Indeed, in determining the optimal cervical length cutoff, investigators have conducted several clinical validation studies before undertaking any interventional trials. These studies used ROC curves and determined the sensitivity and false positive rate for different cervical length cutoffs (for predicting spontaneous preterm birth) and have concluded that the optimal cervical length cutoff is not the arbitrarily defined 10th percentile (ie, 25 mm) but the 1.7th percentile (ie, 15 mm); this cervical length cutoff was subsequently validated by several observational studies. A subsequent interventional trial with vaginal progesterone, using cervical length ≤15 mm as a cutoff for intervention showed significant reduction (approximately 45%) in the risk of preterm birth at <34 weeks’ gestation. Interestingly though, the same cervical length cutoff ≤15 mm was found to be the best cutoff in the cerclage trial by Owen et al, but only in a secondary analysis of their data.

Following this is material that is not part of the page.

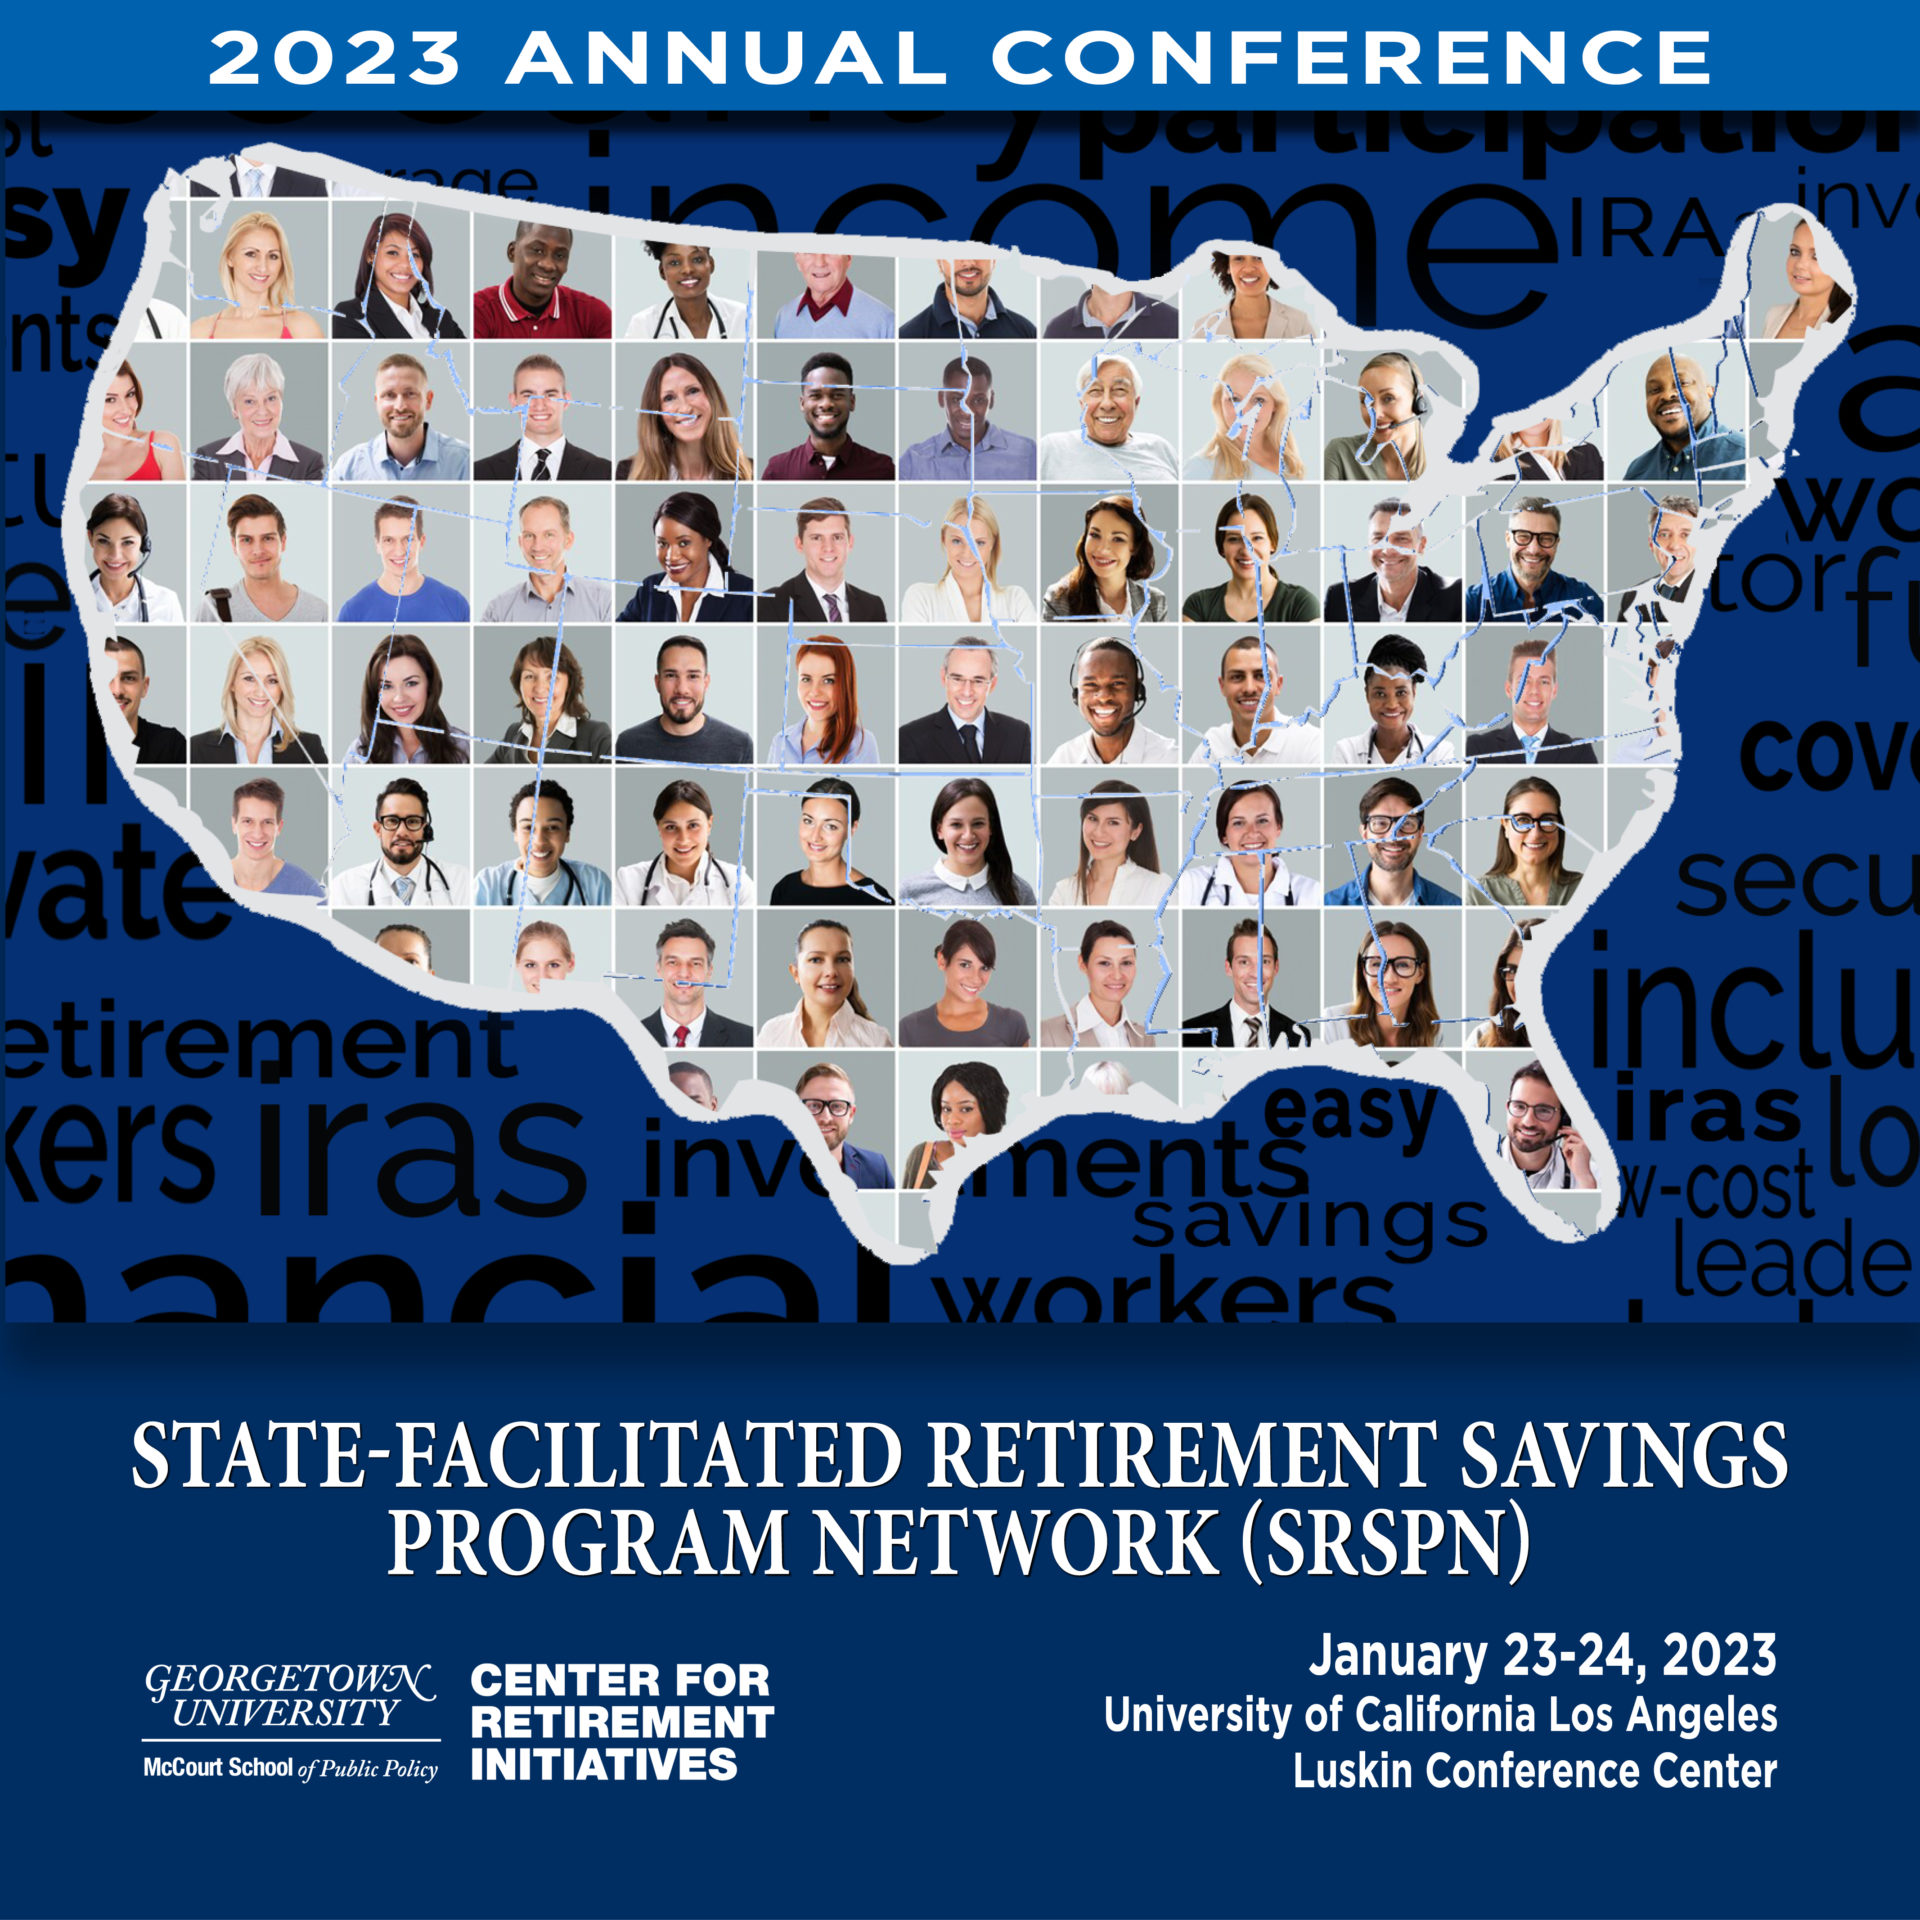 2023 States Meeting Banner Square 1024x1024 1 1920x1920 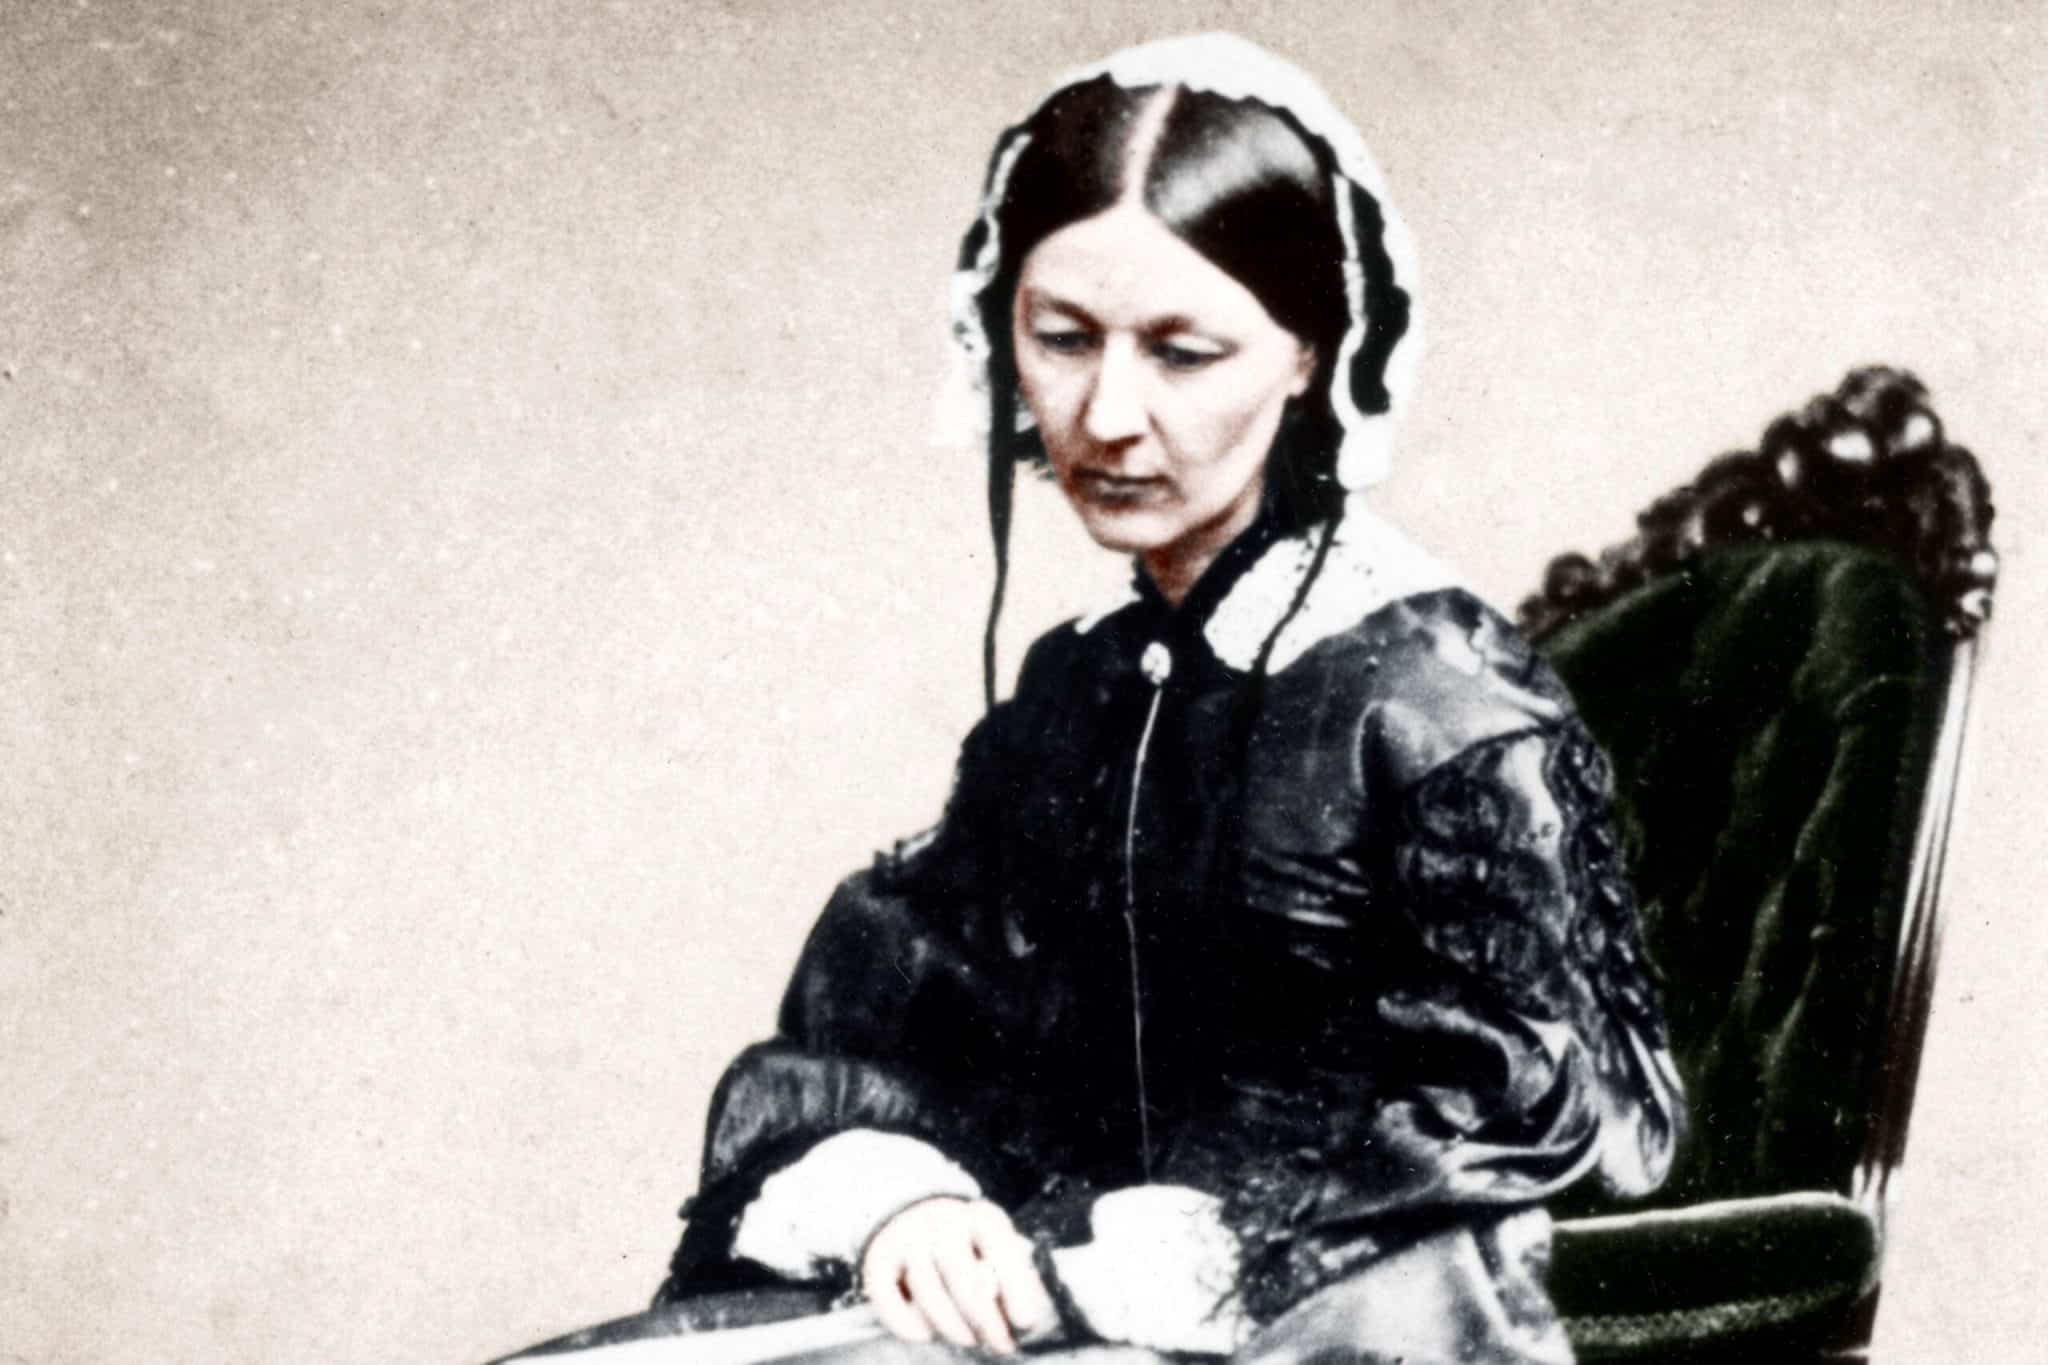 Florence Nightingale Birth Anniversary: The Lady With the Lamp

Clinical prediction studies

In this study, the use of birthweight as predictor of pregnancy outcome is a classic example. Unfortunately, most studies have used various birthweight cutoffs as predictors of neonatal outcome despite the unambiguous evidence that there is a strong inverse dose-response relationship between decreasing birthweight percentiles and increased risk of adverse neonatal outcomes. However, it is unreasonable to expect that there is a “magic” birthweight cutoff where all perinatal mortality and morbidity suddenly surfaces, and the risks of these adverse outcomes are below that certain birthweight threshold. In our view, there may be many different birthweight cutoffs depending on the nature of the adverse outcome that is under scrutiny. The use of ROC curves or other appropriate statistical techniques should identify the best cutoff, if any, by choosing the appropriate balance between sensitivity and false positive rate depending on the outcome of interest. Future studies that use birthweight as a predictor of neonatal outcomes should analyze it as a continuous variable, if possible, so that information about its predictive ability is not lost in the process.